A verbatim copy of all the data is required, minus any images.
Information provided START
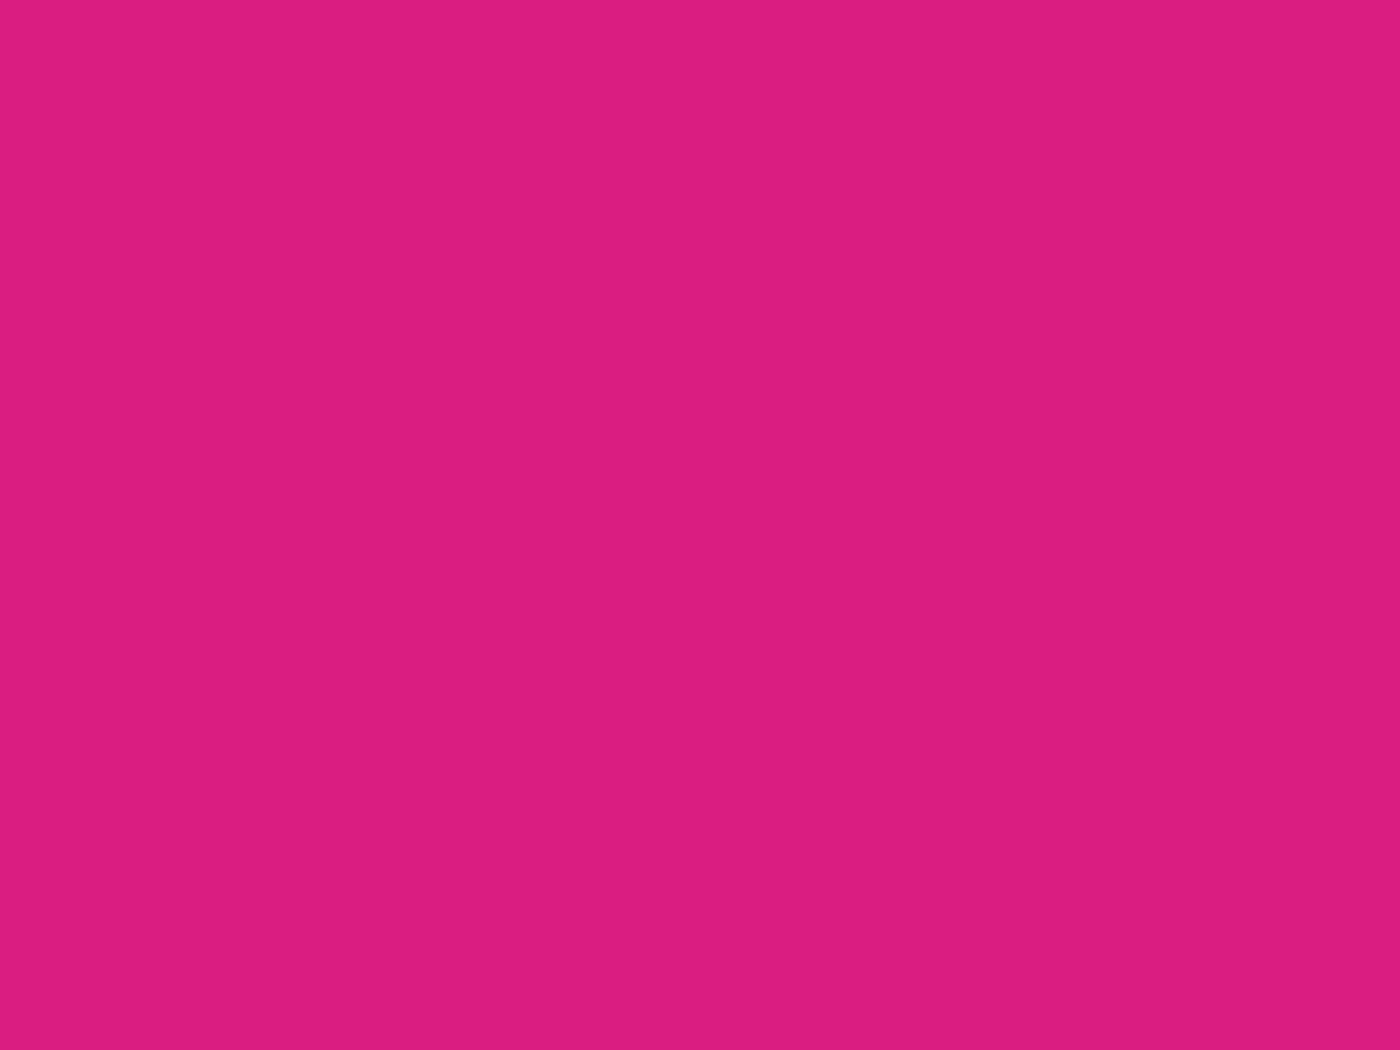 1400x1050 Vivid Cerise Solid Color Background
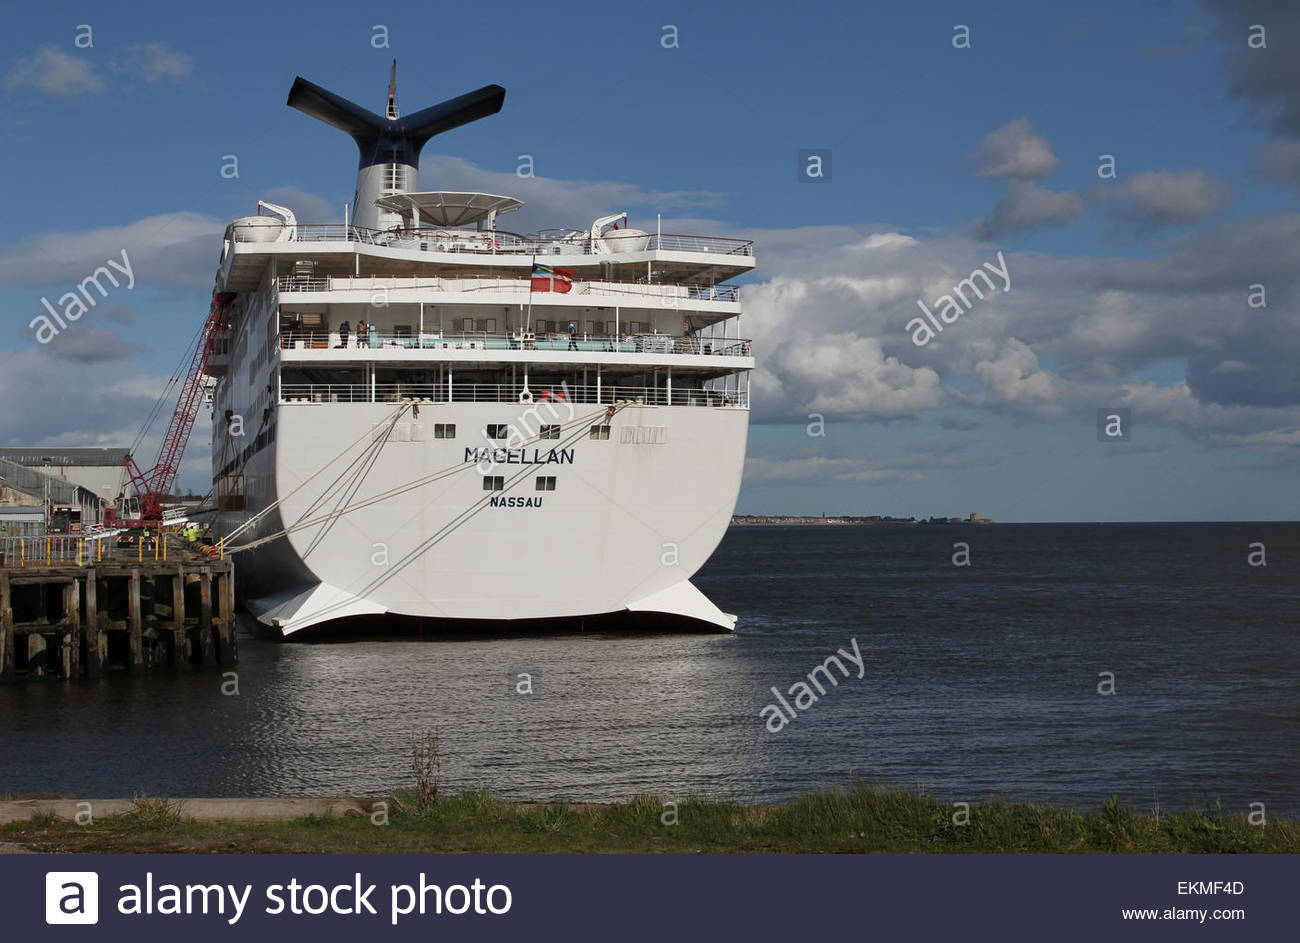 Dundee, UK. 12th April, 2015. CMV cruise ship Magellan docked in Dundee. Cruise and Maritime Voyages ship Magellan Stock Photo
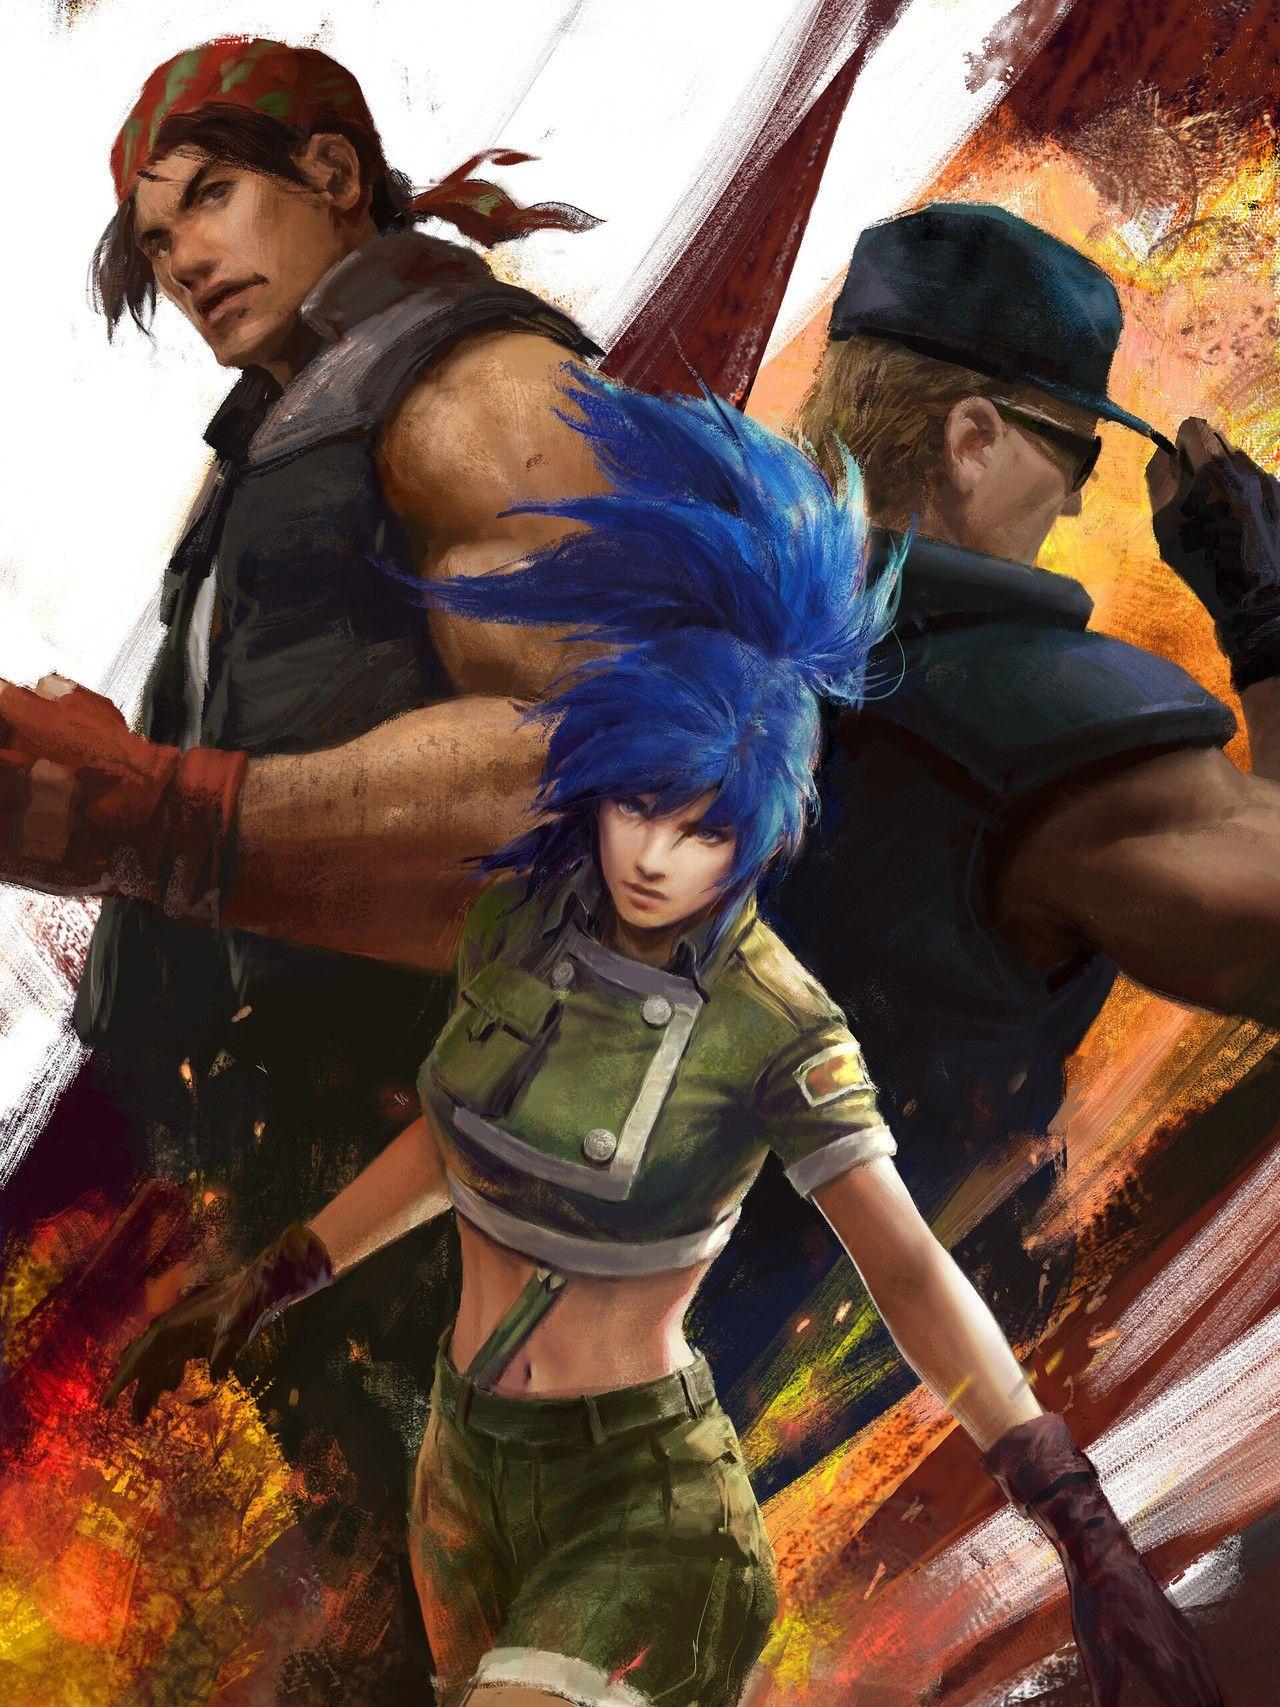 Pin De Siti Nurfadilah Em King Of Fighters King Of Fighters Lutador De Rua Personagens De Games
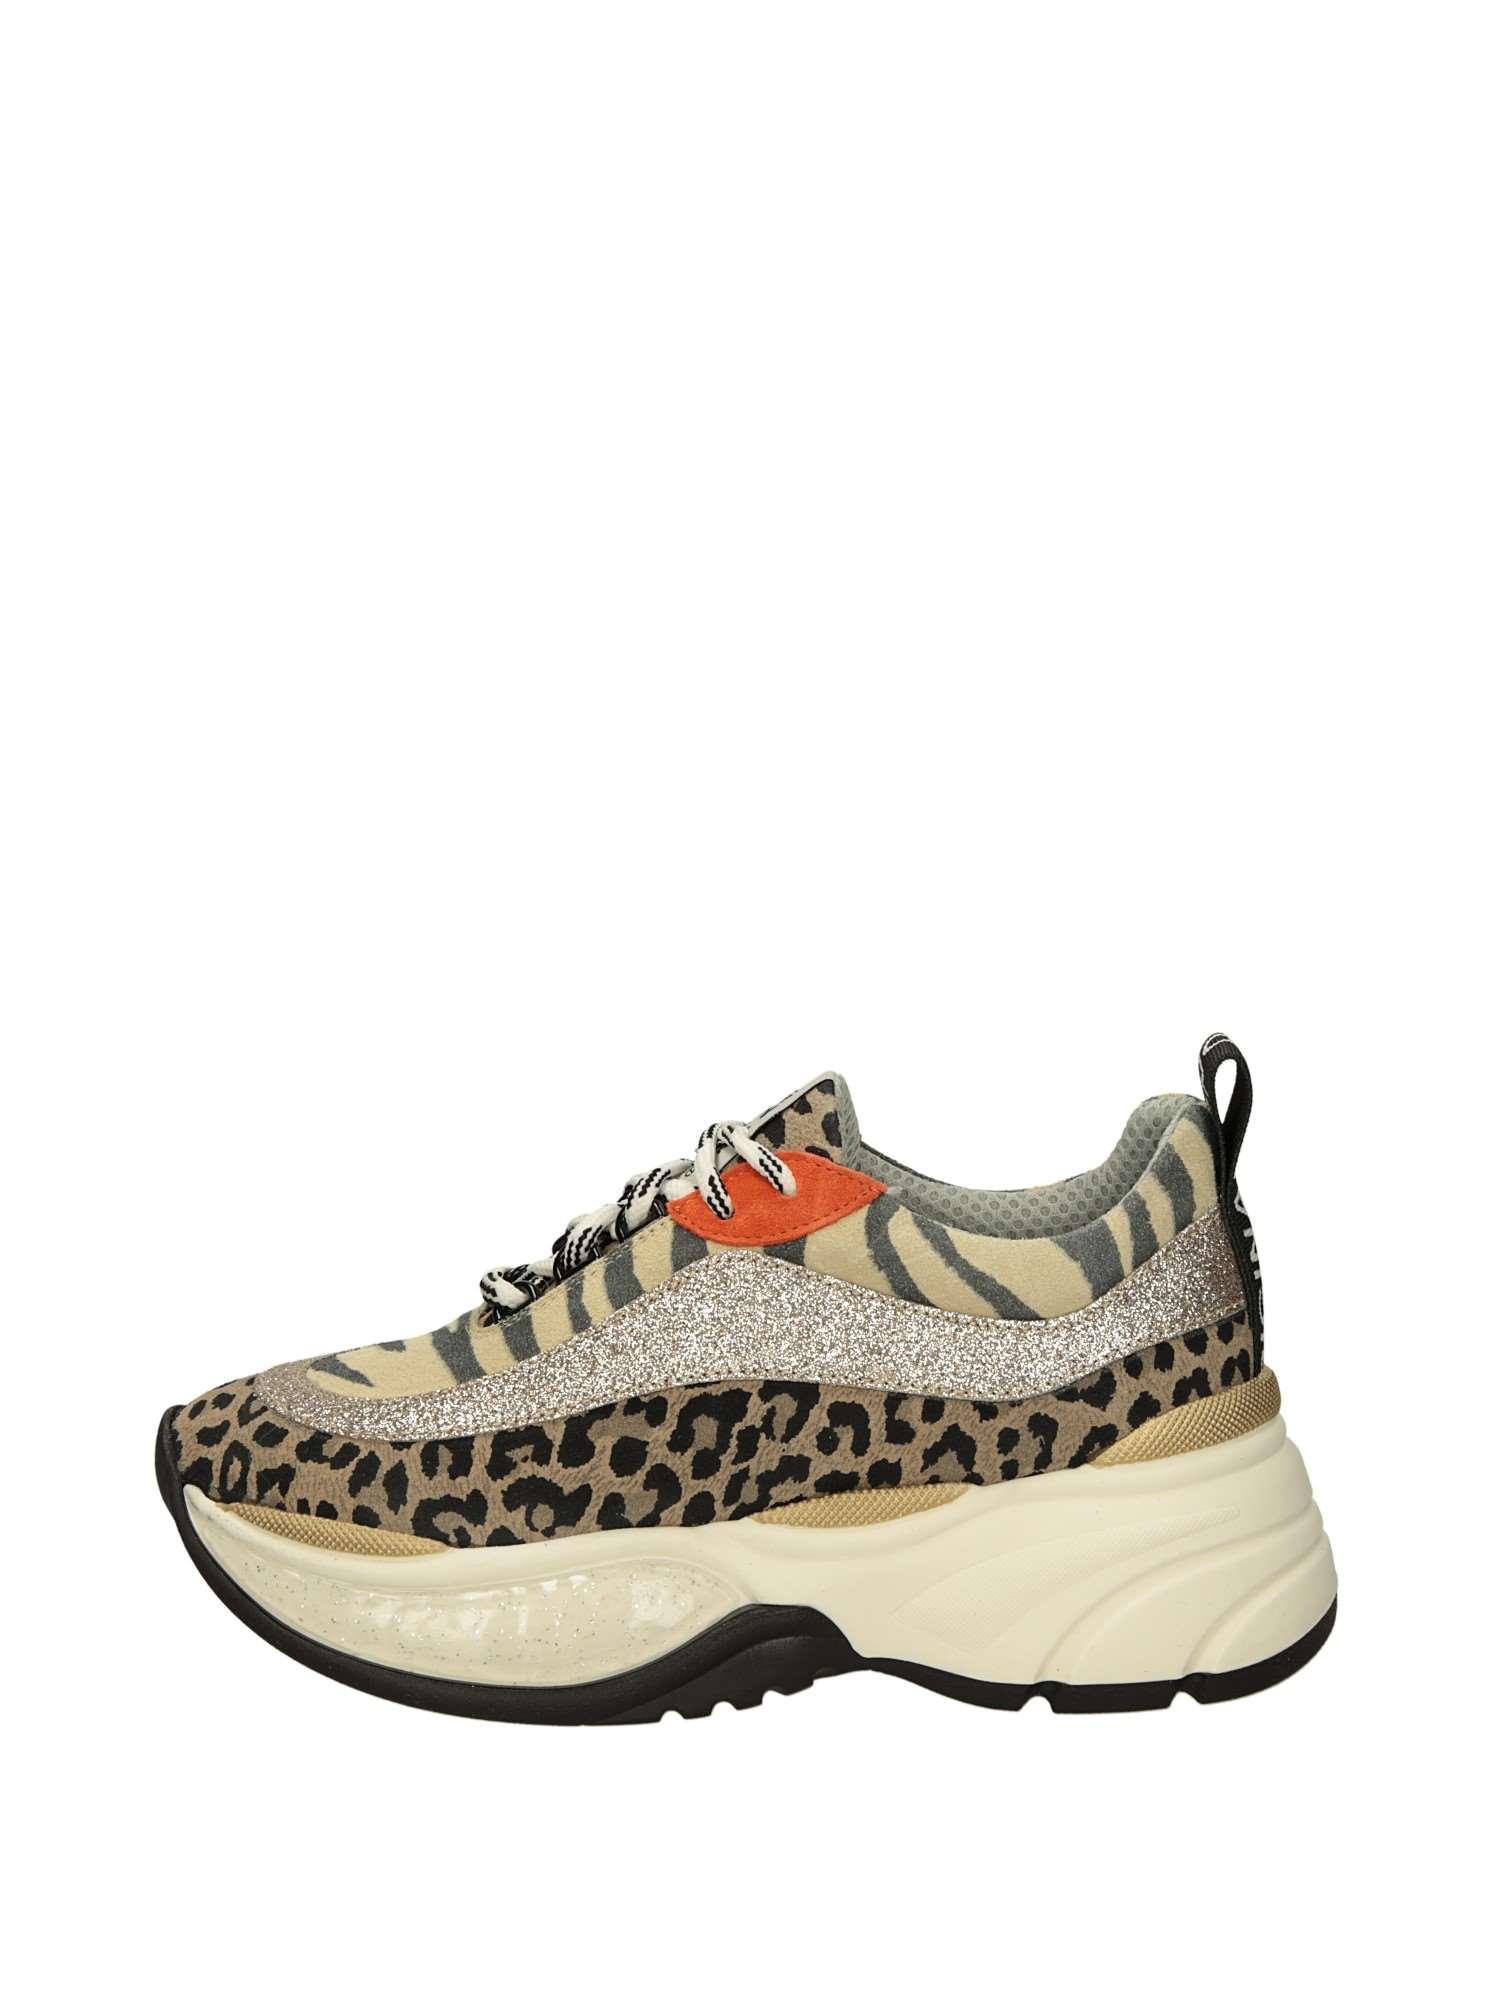 b7f4ef596 Meline Sneakers Zeppa Sabbia   Sneakers Zeppa Donna 100% Tessuto ...
Information provided END
• Task result:
 1400x1050 Vivid Cerise Solid Color Background
 Dundee, UK. 12th April, 2015. CMV cruise ship Magellan docked in Dundee. Cruise and Maritime Voyages ship Magellan Stock Photo
 Pin De Siti Nurfadilah Em King Of Fighters King Of Fighters Lutador De Rua Personagens De Games
 b7f4ef596 Meline Sneakers Zeppa Sabbia   Sneakers Zeppa Donna 100% Tessuto ...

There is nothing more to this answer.